Addressing some of the challenges requires an uplift in the funding available to hospices across the board, and we must pass on pay increases to nursing staff. I say again that when I go into my hospice, the working environment is very different from that in the urgent care centre, but I have already said that Cornwall is a low-wage area with a high cost of living due to the beautiful environment that we live in, which attracts people and pushes up the cost of housing. It is expensive to live in my part of the world, so nurses are not choosing to leave the hospice setting because they prefer urgent care—obviously, we need them there as well, so I am not trying to discourage that—but because they need the money to live. We should not be saying, at any stage, “It is okay, because hospices are a different environment to work in and they might prefer it there, so they will settle for lower wages.” I hope that we would never assume or expect that.

I met the chief executive of Cornwall Hospice Care soon after the pay award, and he expressed concern that the money being offered to NHS nurses and staff would have a negative impact on hospices and other parts of the system where people are not directly employed by the NHS. I agreed to raise that in the House at the first opportunity, which I have done, and I am grateful for this opportunity to do so as well.

I know that I am among friends when I say that the value of hospice care is not underestimated. The work that hospices do for children and adults is fantastic. They are an essential part of bringing health and social care together and ensuring that people are cared for in the right setting and as close to home as possible.
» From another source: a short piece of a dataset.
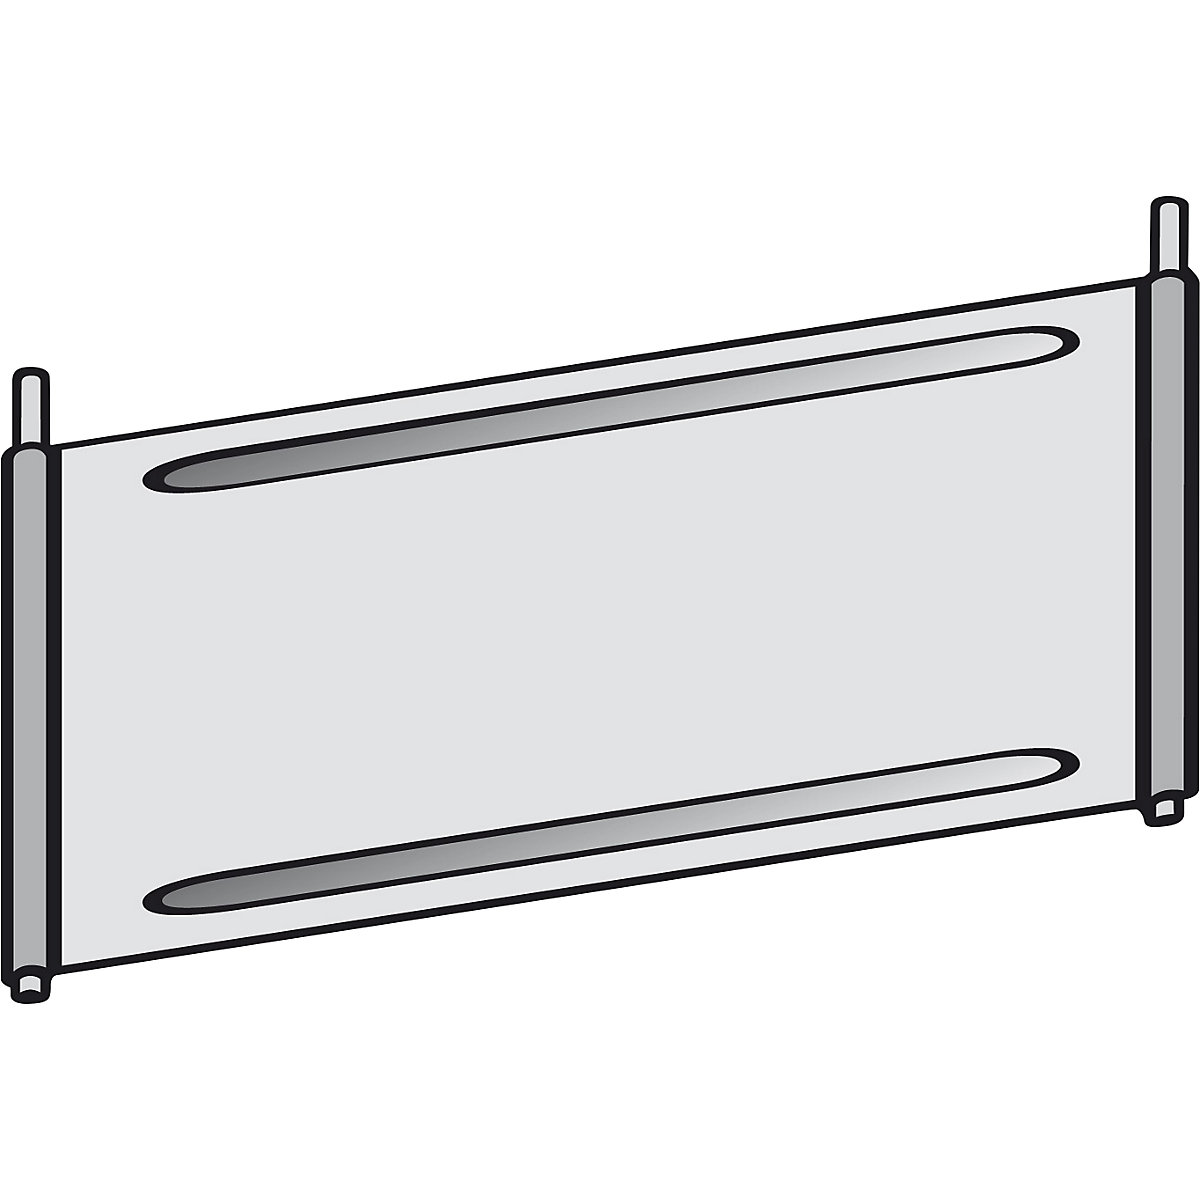 Shelf partition for compartment shelf unit - hofe

We all know that it is better to be near our families, whatever our health situation, and certainly during the last moments of our life.

As I have said, people are dying in my urgent care centre, which has already been judged as poor for palliative care, when there are beds in the hospice not far away. That must be addressed, and I want the Minister to intervene to put pressure on the system—or systems, at the moment—on the question of why we cannot do more. There has been progress in the last three years towards working better together, but making the right decision is painfully slow for somebody who does not actually have the time for that decision to be made. There have been improvements in working together, and the managers in all the systems in Cornwall, including the hospices, have healthy relationships, but things seem to be getting stuck at ward level, so patients are potentially not getting the best care.

As I have said, hospices now do fantastic work in the community, which has been a response partly to funding but also to need. They are going out into people’s homes to help families and individuals to manage their care properly. I have made fairly clear the two things that are needed to help hospices to deliver that vital role. In the discussions around the NHS pay award, what engagement opportunities have the Minister and the Department had with hospices? Have they been included in discussions about how that can be addressed and passed on? I would love the Minister to look closely at the situation in Cornwall, which will be true elsewhere too, where the money available for hospices is not enough. That is a choice made at a local level by commissioners, not the Department.

We should also assess whether we are making full use of what is available in hospices. If there are 12 beds with people in who are being cared for in the right place, that care is far more cost-effective than if there are eight beds, as is the case in my local hospice. It is not just about throwing more money at hospices, but about making better use of resources. That will reduce the cost of care while ensuring that those people, who have such a challenge ahead of them in the days and weeks to come, are given the care, love and attention that they absolutely deserve and that we would expect in the great nation in which we live.